Четырехлетний мальчик умирает «от недостатка пищи и других средств» вместе с матерью. За один год в Грейстоке умирает 62 человека – при этом не заключается ни одного брака и рождается всего три ребенка. Вы услышите рассказ о муже, который ушел из дома, прошел несколько сотен миль, чтобы найти работу, через пару месяцев вернулся с деньгами и обнаружил, что его жена и дети уже умерли[84]. Теперь вы понимаете, почему столько народу в 90-е годы ушло пешком в Кент с севера Англии, как мы видели во второй главе.
Если вам нечего есть, можете попробовать заняться браконьерством. Но будьте осторожны: это очень рискованно. Если вы заберете чужую корову, это воровство, а воровство – тяжкое уголовное преступление, карающееся смертной казнью. Убивать диких животных, живущих на чужой земле, тоже незаконно; даже если вы выловите из реки всего одну рыбу, вас могут оштрафовать на целый шиллинг, а то и больше. Вас вряд ли повесят, если вы убьете, например, кролика; тем не менее вас ждет штраф, втрое превышающий стоимость животного, и тюремное заключение сроком на три месяца, а еще вас заставят дать расписку о примерном поведении в будущем. Если вы попадетесь снова, то наказание ужесточится. Если на вас нападет егерь и вы станете защищаться, то вас могут обвинить в физическом насилии. Если же вы причините ему увечье, то вас и вовсе повесят.

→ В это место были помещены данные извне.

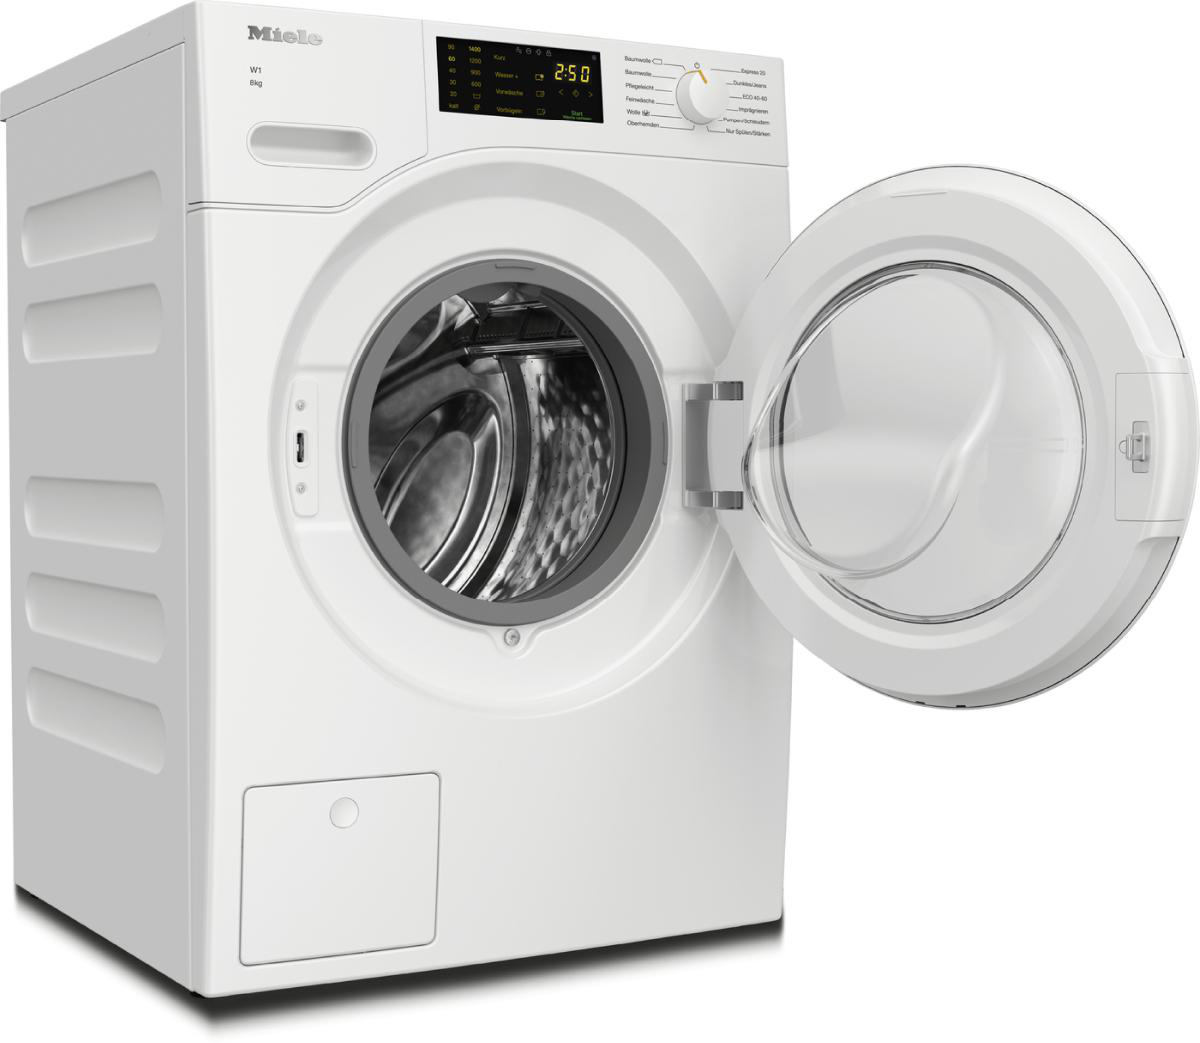 Flusenfilter kg, MIELE Waschmaschine U/Min., WWD120 WPS (8 Fremdkörperfilter) 8kg W1 A, White Edition 1400

Если вы хотите знать, в какие годы в Англию отправиться лучше всего, а каких стоит всеми силами избегать, вот вам небольшой список крайностей. Еоды величайшего изобилия – то есть те, когда цена на зерно была не менее чем на 20 процентов ниже среднего, – 1564, 1566, 1569–1571, 1583–1584, 1587–1588, 1592–1593 и 1602; лучшие из них – 1592 и 1593, когда цены на зерно составляли 56 и 65 процентов от средней соответственно. В 1592 году в стране было столько зерна, что Фрэнсис Бэкон с гордостью объявил, что Англия теперь может прокормить не только себя, но и другие страны. Он накликал беду: вскоре последовал сильнейший голод. В 1594 году урожай вышел плохим, в 1595-м – хуже, в следующем году – еще хуже: стоимость пшеницы составила 170 процентов от средней, овса – 191 процент, а рожь вообще пришлось ввозить из Дании. Другие плохие годы, когда цена на зерно более чем на 20 процентов превышала скользящее среднее, – 1573, 1586 и 1600. 1590 год был не лучше, тогда ситуацию усугубили еще и высокие цены на скот. Цены на животные продукты достигли новых высот и так больше и не уменьшились.

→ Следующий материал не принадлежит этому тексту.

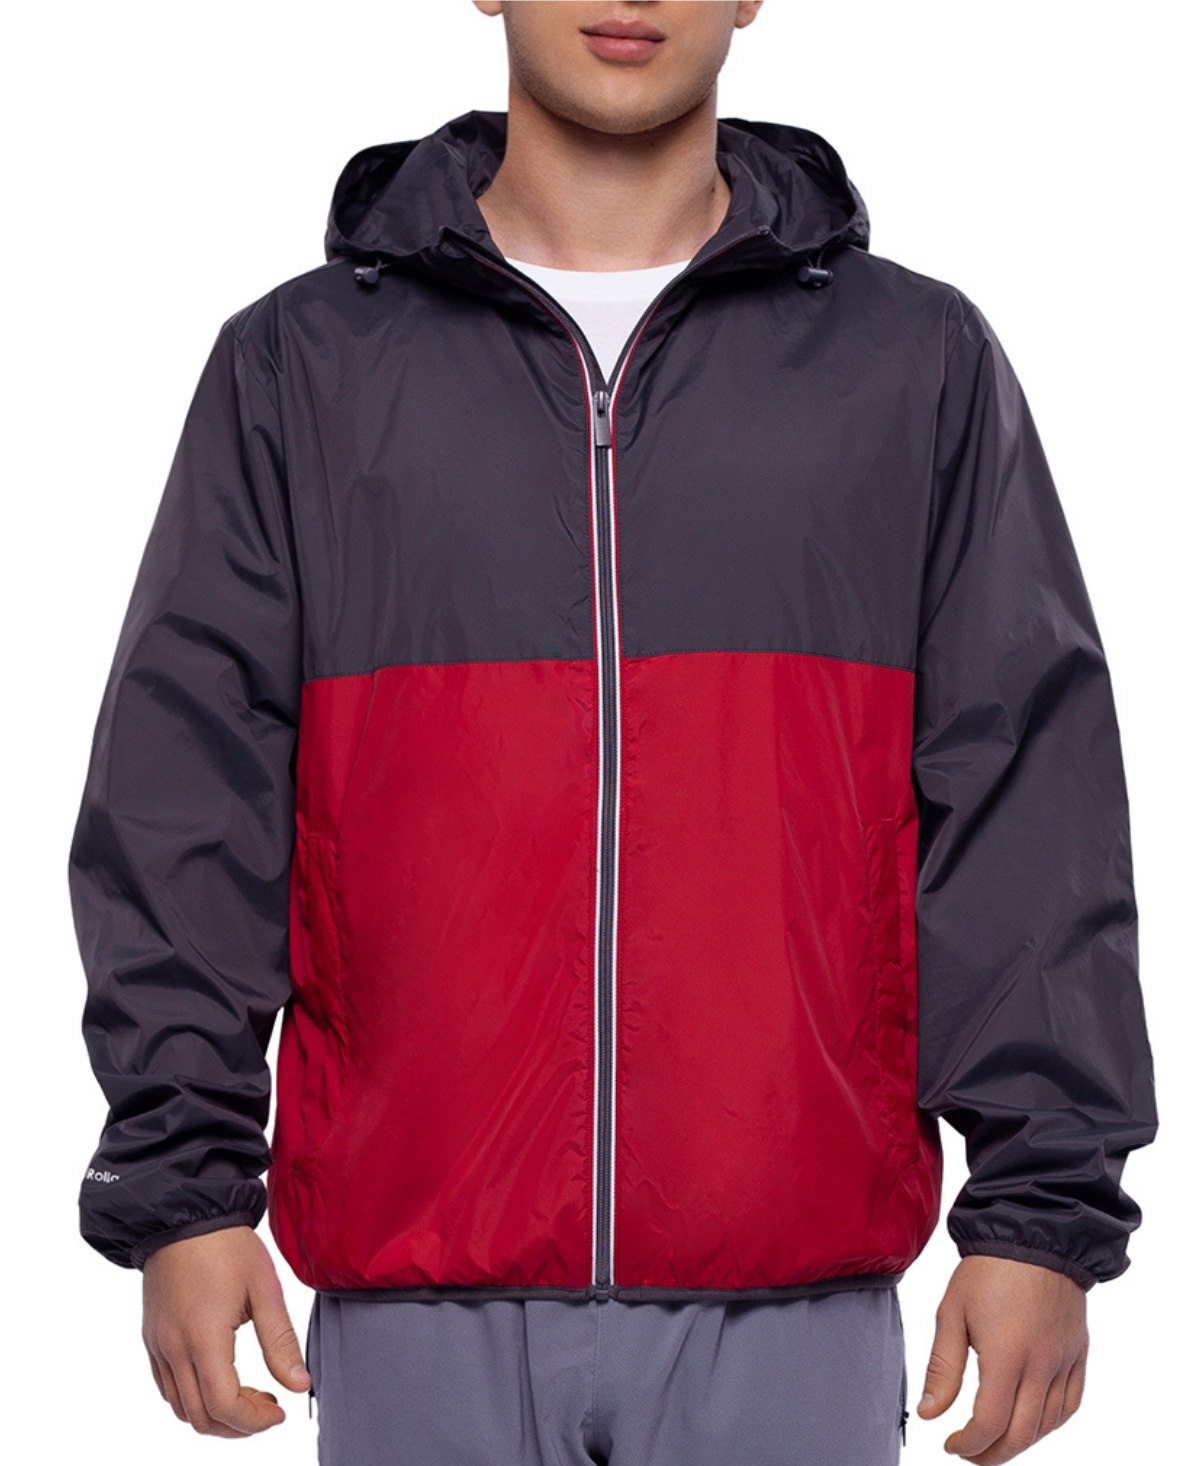 Men's Packable Mesh lined Lightweight Windbreaker Jacket - Gray red

В подобных условиях очень важно правильно хранить еду. Главное правило – хранить разную еду в разных местах: сухую пищу можно хранить в буфетной комнате (pantry) с хлебом и сухим льном; влажную – в «масляной кладовой» (buttery). Вино нужно держать отдельно от мяса, а погреба для хранения еды лучше не использовать – там слишком сыро. Летом мясо нужно варить в кипящей воде, чтобы оно оставалось свежим, а потом – хранить в холодном подвале, вымочив в смеси уксуса, можжевеловых семян и соли. У большинства йоменов есть чаны и прессы для производства сыра – это важный источник белка во время долгой зимы. У многих владельцев скота есть большие корыта для засаливания мяса или вымачивания его в рассоле. Вильям Горман дает и другие советы по хранению мяса. «Место, где хранится мясо, должно быть очень холодным и сухим и недоступным для солнечных лучей, иначе оно быстро испортится и станет дурно пахнуть, – пишет он и добавляет: – Сосуды для хранения мяса должны быть сделаны из глины или стекла; не стоит использовать большие сосуды – лучше пусть они будут маленькими, но многочисленными, чистыми или хорошо просмоленными».
Хранение фруктов и ягод в течение года требует особых усилий. Мягкие плоды – крыжовник, вишню, терносливу, сливу и айву – хранят в виде джема. Впрочем, для большинства методов хранения требуется много сахара, а он дорог. Рецепт для хранения айвы начинается так: «Возьмите 4 фунта айвы и 4 фунта сахара, кварту розовой воды, вскипятите их затем возьмите четыре белка из свежих яиц и одну скорлупу и хорошо их взбивайте в течение получаса». Апельсины и лимоны ввозят в больших количествах – в 1599 году в порт Лондона их ввезли на сумму 1756 фунтов, – ив поваренных книгах есть рецепты по хранению их в виде мармелада, но для этого опять-таки требуется много сахара. В Лондоне можно купить готовый мармелад, привезенный из Европы, а также финики и инжир, но это только для богатых столов. Подавляющему большинству сельских йоменов очень важно хранить твердые плоды в течение всего года. Для этого возьмите безупречные яблоки и груши без вмятин и прочих отметин и оставьте на них небольшой кусок черенка. Аккуратно сложите их во фруктовом сарае или «сарае для припасов» (hoard house) на чистую сухую солому, убедитесь, что они не касаются друг друга, и каждый месяц переворачивайте их, чтобы они не собирали влагу. И, что важнее всего, держите фруктовый сарай запертым, «иначе дети устроят там беспорядок»[85].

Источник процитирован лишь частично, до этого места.